I am trying to follow the book on training the model to recognize threes and sevens. There are two versions of the code, one starting from scratch, and the other is the “optimized” version using classes like SGD and nn.Linear.

The first one turns out to be ok with a 1.0 learning rate, but with the optimized version, a very strange thing happens: the gradient suddenly becomes zero and my model stops optimizing at only about 50% accuracy and I don’t know what’s wrong.
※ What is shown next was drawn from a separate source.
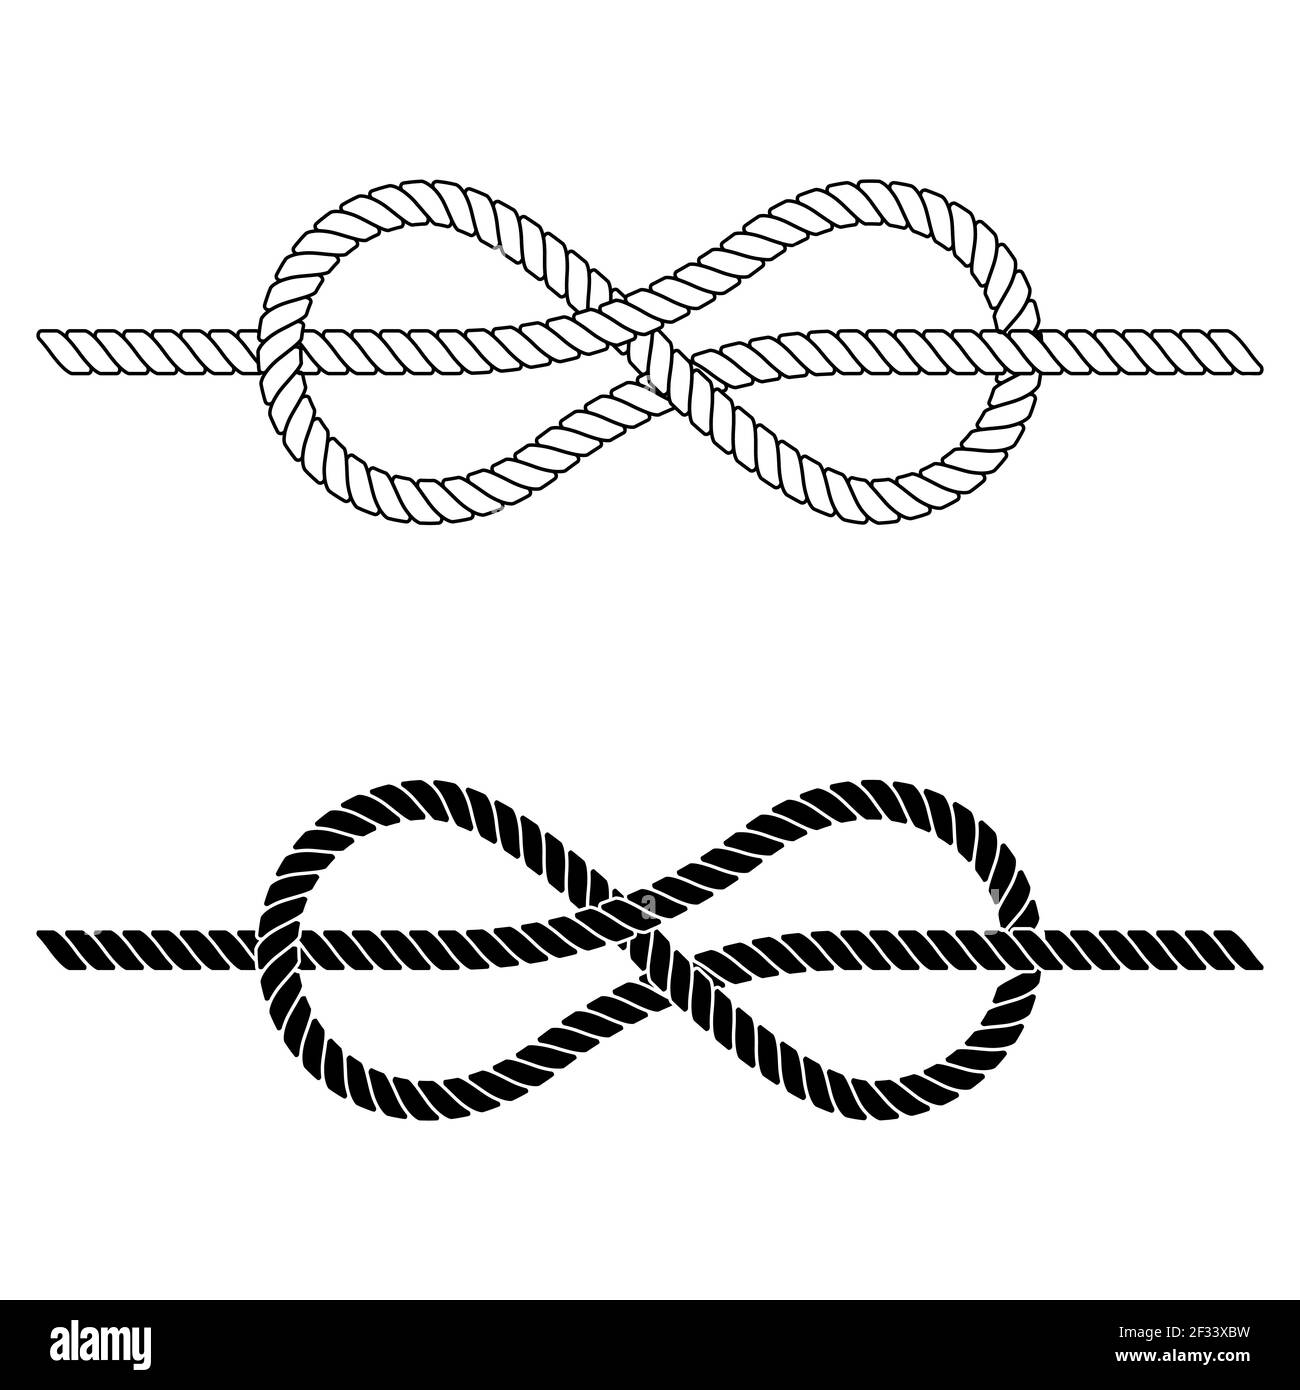 la corda intrecciata è legata in un nodo di mare, il nodo di corda vettoriale fatto di merletto è un simbolo di coesione, stretti legami lavoro di squadra Illustrazione Vettoriale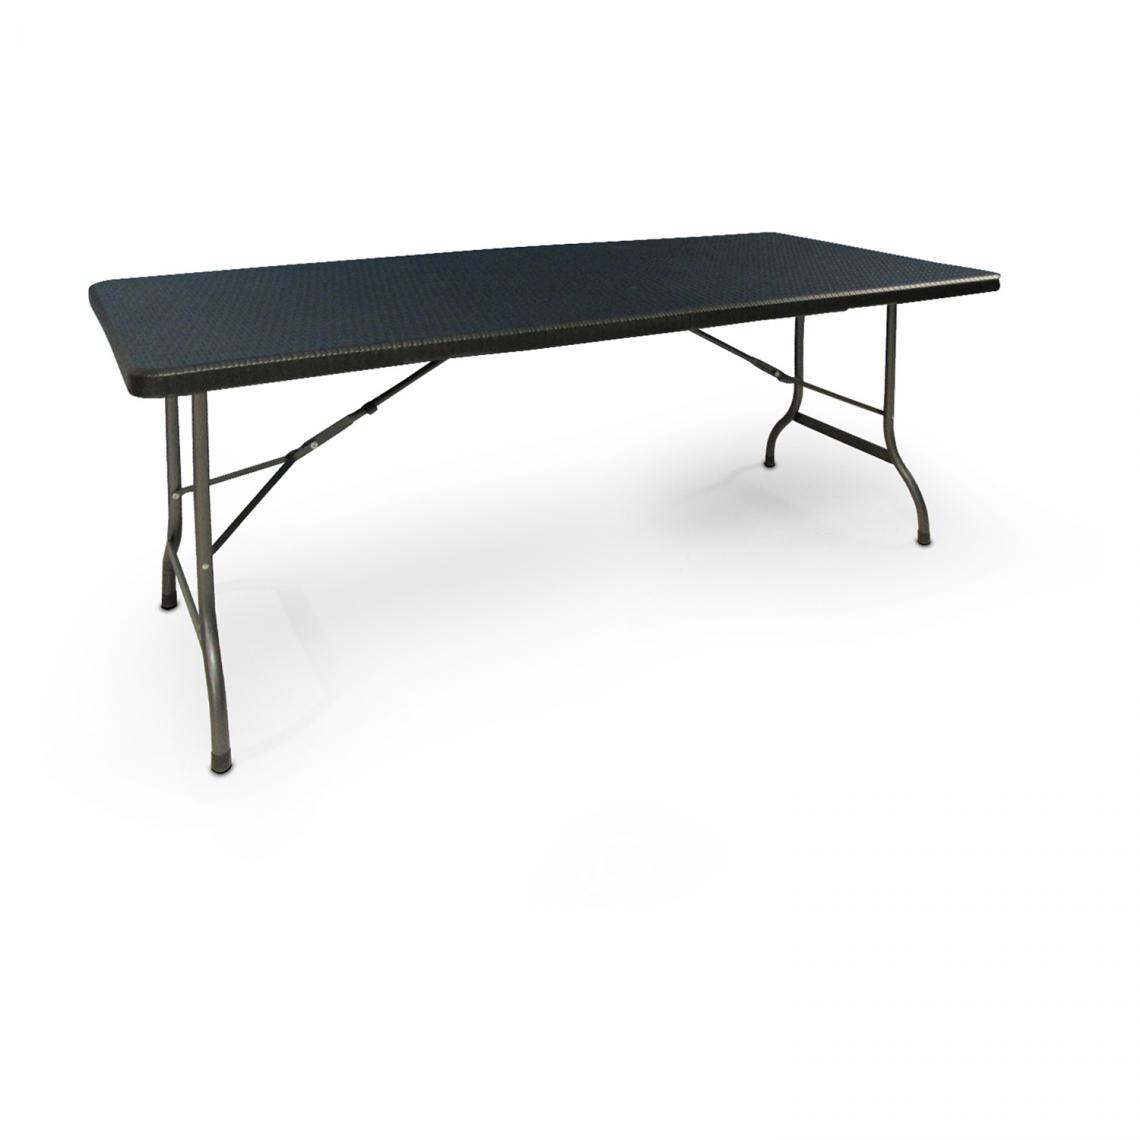 Alter - Table rectangulaire pliable, coloris noir, 180 x 75 x h74 cm - Tables à manger

Here’s the code:

```
import fastbook
fastbook.setup_book()
from fastai.vision.all import *
from fastbook import *
path = untar_data(URLs.MNIST_SAMPLE)
Path.BASE_PATH = path
threes = (path/'train'/'3').ls().sorted()
sevens = (path/'train'/'7').ls().sorted()
seven_tensors = [tensor(Image.open(o)) for o in sevens]
three_tensors = [tensor(Image.open(o)) for o in threes]
stacked_sevens = torch.stack(seven_tensors).float()/255
stacked_threes = torch.stack(three_tensors).float()/25
valid_3_tens = torch.stack([tensor(Image.open(o))
for o in (path/'valid'/'3').ls()])
valid_3_tens = valid_3_tens.float()/255
valid_7_tens = torch.stack([tensor(Image.open(o))
for o in (path/'valid'/'7').ls()])
valid_7_tens = valid_7_tens.float()/255
train_x = torch.cat([stacked_threes, stacked_sevens]).view(-1, 28*28)
train_y = tensor([1]*len(threes) + [0]*len(sevens)).unsqueeze(1)
dset = list(zip(train_x,train_y))
valid_x = torch.cat([valid_3_tens, valid_7_tens]).view(-1, 28*28)
valid_y = tensor([1]*len(valid_3_tens) + [0]*len(valid_7_tens)).unsqueeze(1)
valid_dset = list(zip(valid_x,valid_y))
def mnist_loss(predictions, targets):
predictions = predictions.sigmoid()
return torch.where(targets==1, 1-predictions, predictions).mean()
def batch_accuracy(xb, yb):
preds = xb.sigmoid()
correct = (preds>0.5) == yb
return correct.float().mean()
lr = 1.
dl = DataLoader(dset, batch_size=256)
valid_dl = DataLoader(valid_dset, batch_size=256)
dls = DataLoaders(dl, valid_dl)
learn = Learner(dls, nn.Linear(28*28,1), opt_func=SGD,
loss_func=mnist_loss, metrics=batch_accuracy)
learn.fit(10, lr=lr)
```

I tried to increase my learning rate. It doesn’t help at all. Instead, I find that decreasing the learning rate to 0.1 would make significant improvement to the model.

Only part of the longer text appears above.